Step 1: Identify the Need
The first step when designing a high voltage resistor is to identify the operating voltage and operating frequency of the product.
For example, you might need a resistor that is rated for a maximum of 5V and operates at a frequency between 1kHz and 10kHz.
Next, you need to find the right components to meet your needs.
A popular choice is the ceramic specialty resistor (CSR).
The CSR is most commonly used for high power applications due to its high-quality construction, high reliability, and low cost.
Another popular choice is the FR-4 PCB material due to its cost effectiveness and ease of fabrication.
A close competitor to the CSR and PCB is the FR-5 material.
Like the PCB, the FR-5 material is relatively cheap.
However, the CSR and PCB have the benefit of being able to withstand high voltages and high temperatures, respectively.
The FR-5 material, on the other hand, lacks the PCB’s resistance to high voltages and is thus not as reliable in some applications.
Step 2: Choose the Right Material
When choosing the right material for your high voltage resistor, you need to take note of the operating voltage and the material’s operating temperature.
For example, the PCB material is most commonly used at temperatures below -20ºC.
The CSR and PCB have the advantage of being able to withstand high voltages and high temperatures, respectively.

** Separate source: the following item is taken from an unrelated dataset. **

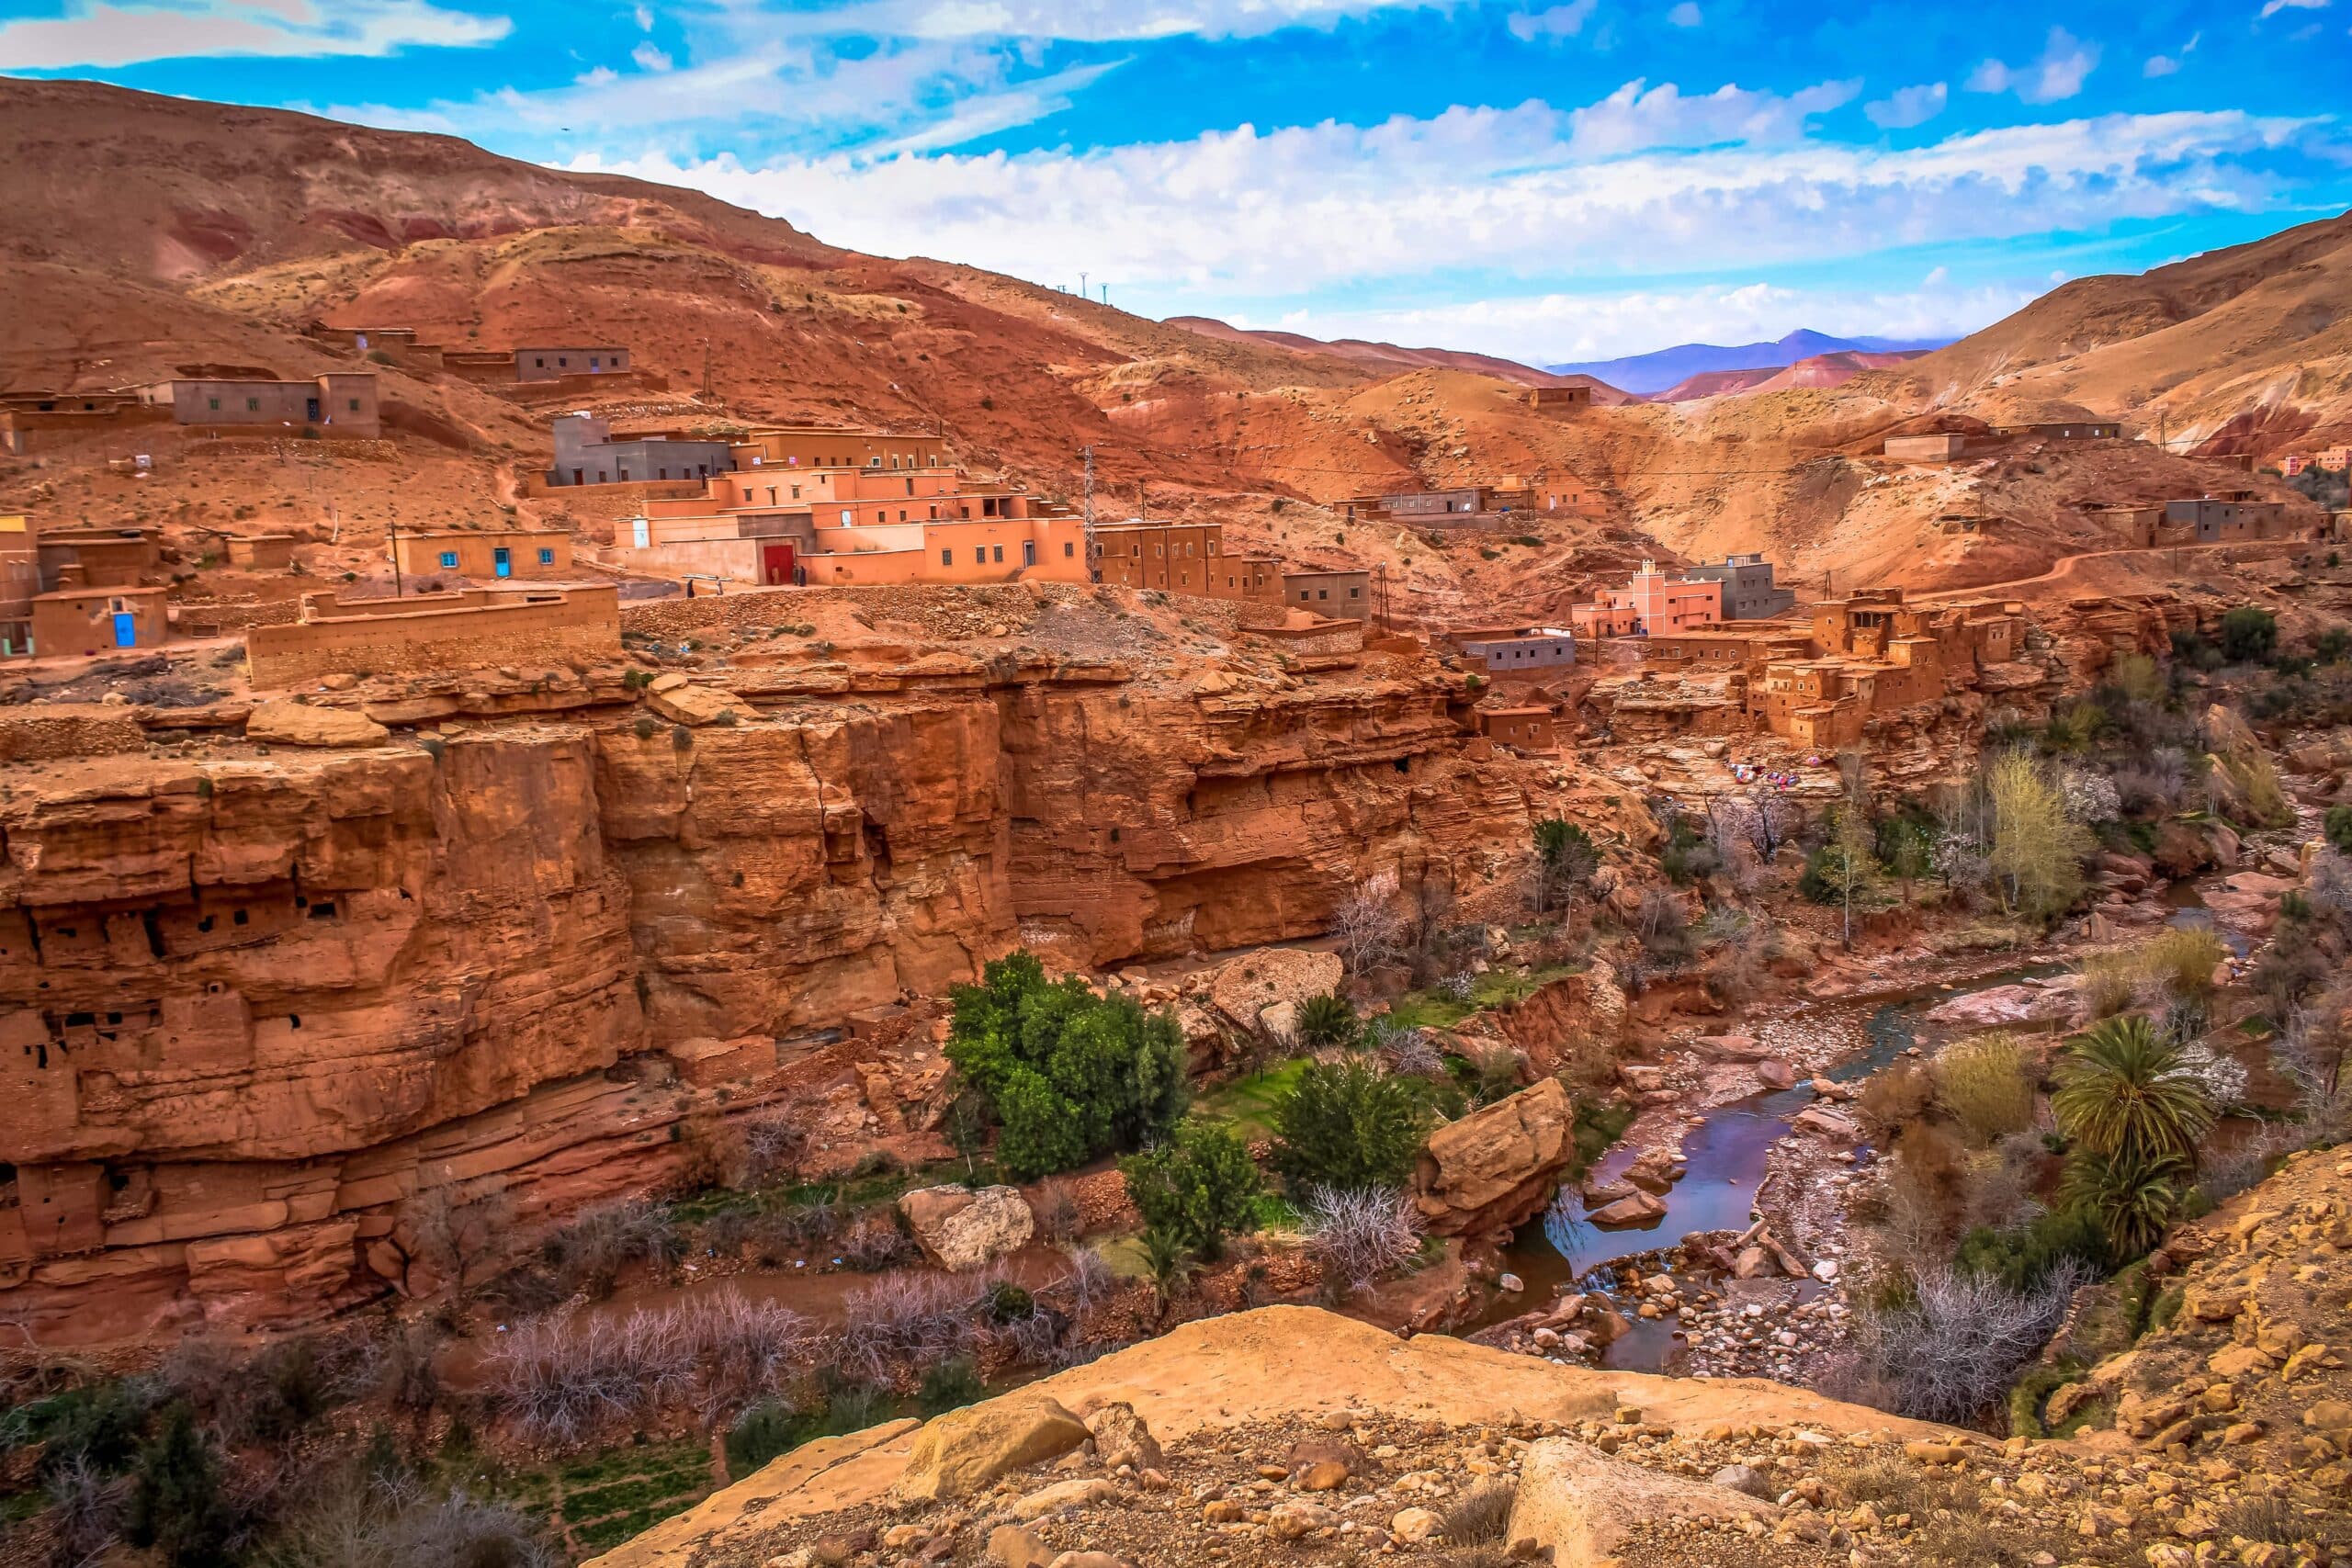 Traditional Berber village in the Atlas Mountains.
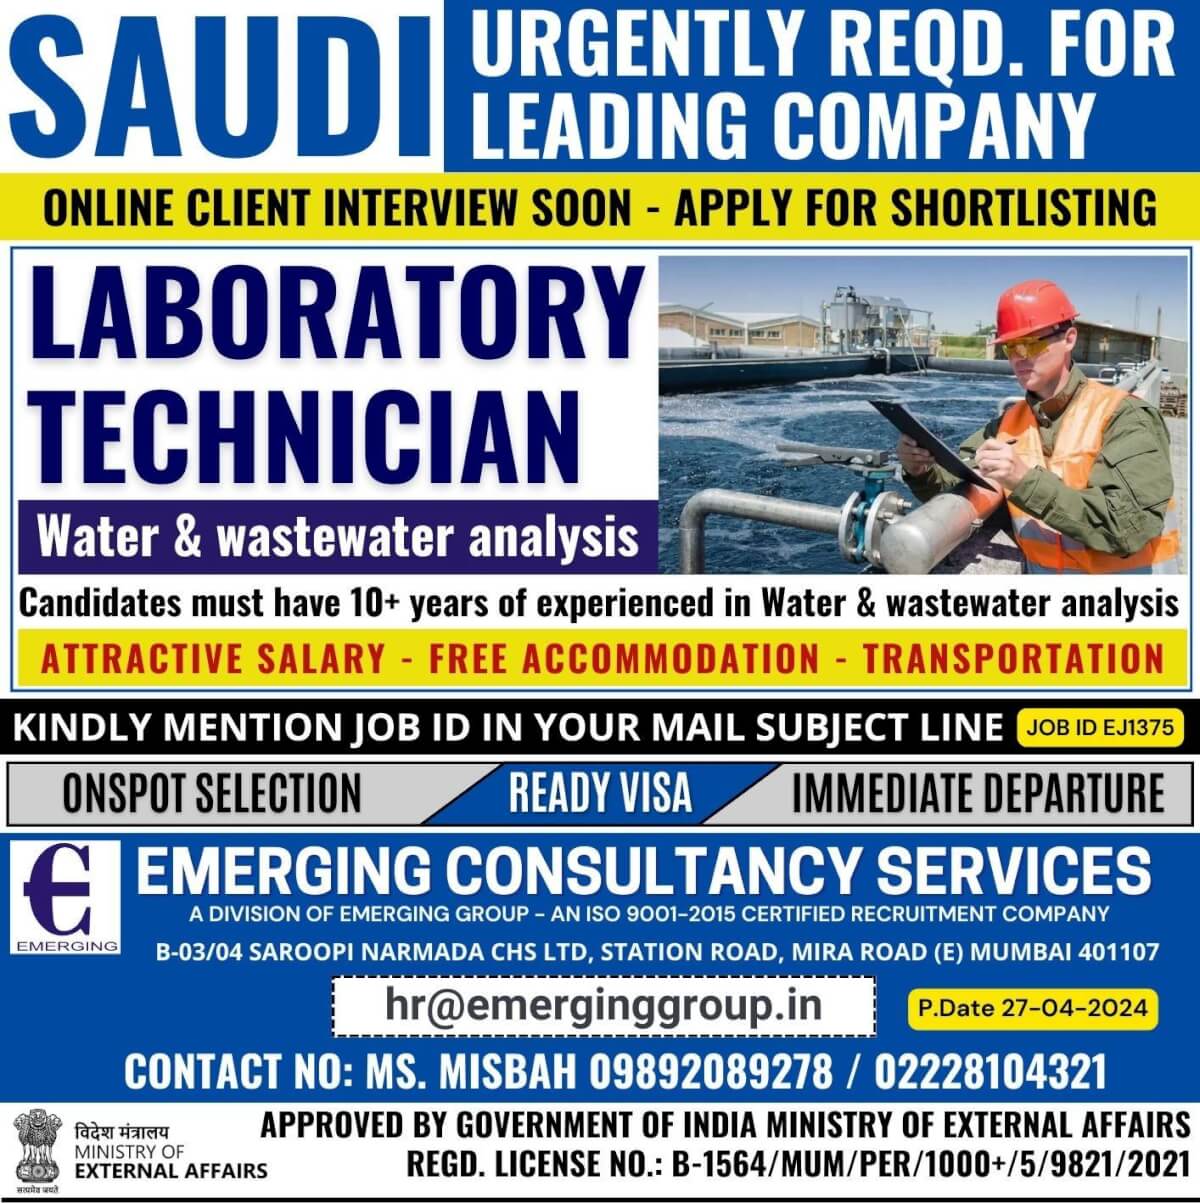 URGENTLY REQUIRED FOR WATER TREATMENT PLANT IN SAUDI ARABIA

A relatively new type of material is the FR-5 polymer with a metal core.
The polymer is cheaper than the PCB and FR-5 PCB materials and is often used at higher operating temperatures.
However, it is not as durable as the PCB or FR-4 and can be damaged by moisture.
When choosing the right material for your high voltage resistor, you need to take note of the operating voltage and the material’s operating temperature.
Step 3: Calculate Capacitance and ESR
Resistors have a certain amount of capacitance, which affects their frequency and impedance.
The ESR (Equivalent Series Resistance) value is the equivalent resistance of the capacitance and is quite important, as it accounts for the DC component of the impedance.
Capacitance is measured in picofarads (pF) or millifarads (mF).
In most cases, the 1% tolerance of the capacitor is more than enough for a high voltage resistor.
The ESR is the equivalent resistance of the capacitance and is quite important, as it accounts for the DC component of the impedance.
Step 4: Add Parts to Create a Schematic Board Template
Once you’ve identified the components, calculate their values, and chosen a material for your high voltage resistor, it’s time to put them together on a schematic board template.
The schematic board template is a standard layout of solderless breadboards that are used to design electronics circuits.
The layout should have a column of components on the left and a column of power rails on the right.
There are a few things to keep in mind while designing a schematic board template.
First, you need to make sure that the components are placed properly and are within the recommended footprint of the power rails.
Second, you need to make sure that the components are powered with lower voltages.
Lastly, you need to make sure that the circuit is protected from any high voltages that might be present.